Opinion
No. 3:12-cv-118
03-28-2013
(Phillips/Guyton)
MEMORANDUM OPINION
I. Introduction
This Social Security appeal is before the Court for consideration of the Plaintiff's objection [Doc. 24] to the Report and Recommendation ("R&R") issued by United States Magistrate H. Bruce Guyton on January 2, 2013 [Doc. 23]. For the reasons that will follow, the Court OVERRULES Plaintiff's objections and AFFIRMS Magistrate Judge Guyton finding that Plaintiff's Motion for Judgment on the Pleadings [Doc. 15] should be DENIED and the Commissioner's Motion for Summary Judgment [Doc. 17] should be GRANTED.
II. Background
The following facts are taken from the R&R.
In 2007, Plaintiff fell at work and injured his back. An MRI revealed disc herniations at L3-4, L4-5, and L5-S1, with nerve impingement occurring at L5-S1 with impingement at L5-S1. [Tr. 578]. An EMG confirmed the presence of acute radiculopathies involving the L4, L5, and S1 nerve roots. [Tr. 265]. Treatment notes from 2007 to 2009 mention absent reflexes, [Tr. 351], positive straight-leg-raise tests, and mild swelling in the right leg, [Tr. 348, 351]. During the same period, the Plaintiff was able to work despite his pain. [Tr. 349]. Because of occasional falls [Tr. 344], Plaintiff used a cane, [Tr. 345], and eventually requested a rollator walker, [Tr. 579].
David A. Cox, M.D., has been Plaintiff's primary care physician since February 21, 2007. Notes from a visit on November 30, 2009, shortly after the alleged onset of disability, include Plaintiff's complaints of insomnia and remark that the Plaintiff was recently laid off from work. [Tr. 347]. In visits from 2010, the Plaintiff complained of pain radiating from his low back, [Tr. 344-346], and Dr. Cox noted on August 6, 2010, "He is on a rather significant amount of pain medications from the pain clinic but states he is still in constant pain . . . ." [Tr. 344]. On August 6, 2010, Dr. Cox also completed a worksheet entitled "Treating Relationship Inquiry." Therein, Dr. Cox stated inter alia that the Plaintiff cannot lift anything weighing a pound or more. [Tr. 362]. He also indicated that the Plaintiff could not perform a forty-hour work week. [Tr. 362].
In visit notes from September 22, 2010, Dr. Cox cited anxiety as the Plaintiff's chief complaint. [Tr. 574]. Dr.

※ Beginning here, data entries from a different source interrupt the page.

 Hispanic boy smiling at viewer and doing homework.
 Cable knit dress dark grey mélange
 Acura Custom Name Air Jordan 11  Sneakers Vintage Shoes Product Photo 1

Cox noted the Plaintiff's "rather severe constant back pain," but he remarked that there was "apparently no radiation, no weakness, and no loss of sensation." [Tr. 574]. In October 2010, anxiety was the Plaintiff's chief complaint, and in January 2011, his chief complaint was chest pain. [Tr. 572-73]. The Plaintiff also reported, however, that his back pain persisted.
In May 2010, Jeffrey S. Summers, M.D., a state-examining physician, examined the Plaintiff and found:
Scott Evers is a 35 year-old white male who presents today for office evaluation of "back problems." Mr. Evers gives a 3-year history of low back pain. His condition has persisted despite conservative treatment. On his examination today, he has a[Tr. 269].
decrease in range of motion with limited effort. He has an exaggeratedly abnormal gait. Based on these findings, it is reasonable to expect that Mr. Evers will have difficulty bending, stooping, kneeling, squatting, crouching, crawling, climbing, and lifting greater than 20 lbs., as well as standing and walking for greater than 60 minutes continuously, or 6 hours total in a single workday.
James E. Fox, M.D., was assigned to Plaintiff through the workers compensation program and treated the Plaintiff for pain management before and through the alleged period of disability. In August of 2010, Plaintiff asked Dr. Fox to write a note "stating that he is unable to work." [Tr. 579]. Dr. Fox provided a short statement that Plaintiff "is being treated for low back pain and is currently unable to work." [Tr. 590].
In early 2011, Plaintiff had a spinal column stimulator ("SCS"), surgically implanted as a test procedure. [Tr. 517]. Plaintiff reported that "he did very well on [the] trial [and that it] controlled his pain much better." [Tr. 517]. Plaintiff wanted to have permanent SCS inserted as soon as possible. On April 29, 2011, Plaintiff had a permanent SCS surgically implanted. [Tr. 596]. On June 6, 2011, after a post-operation infection and some required adjustments to the device, Plaintiff reported to Dr. Fox that at last the stimulator was working and that he was able to complete his activities of daily living "without too much difficulty or assistance since the SCS is doing [its] job." [Tr. 583]. He appeared at Dr. Fox's clinic that day ambulating without his cane or walker.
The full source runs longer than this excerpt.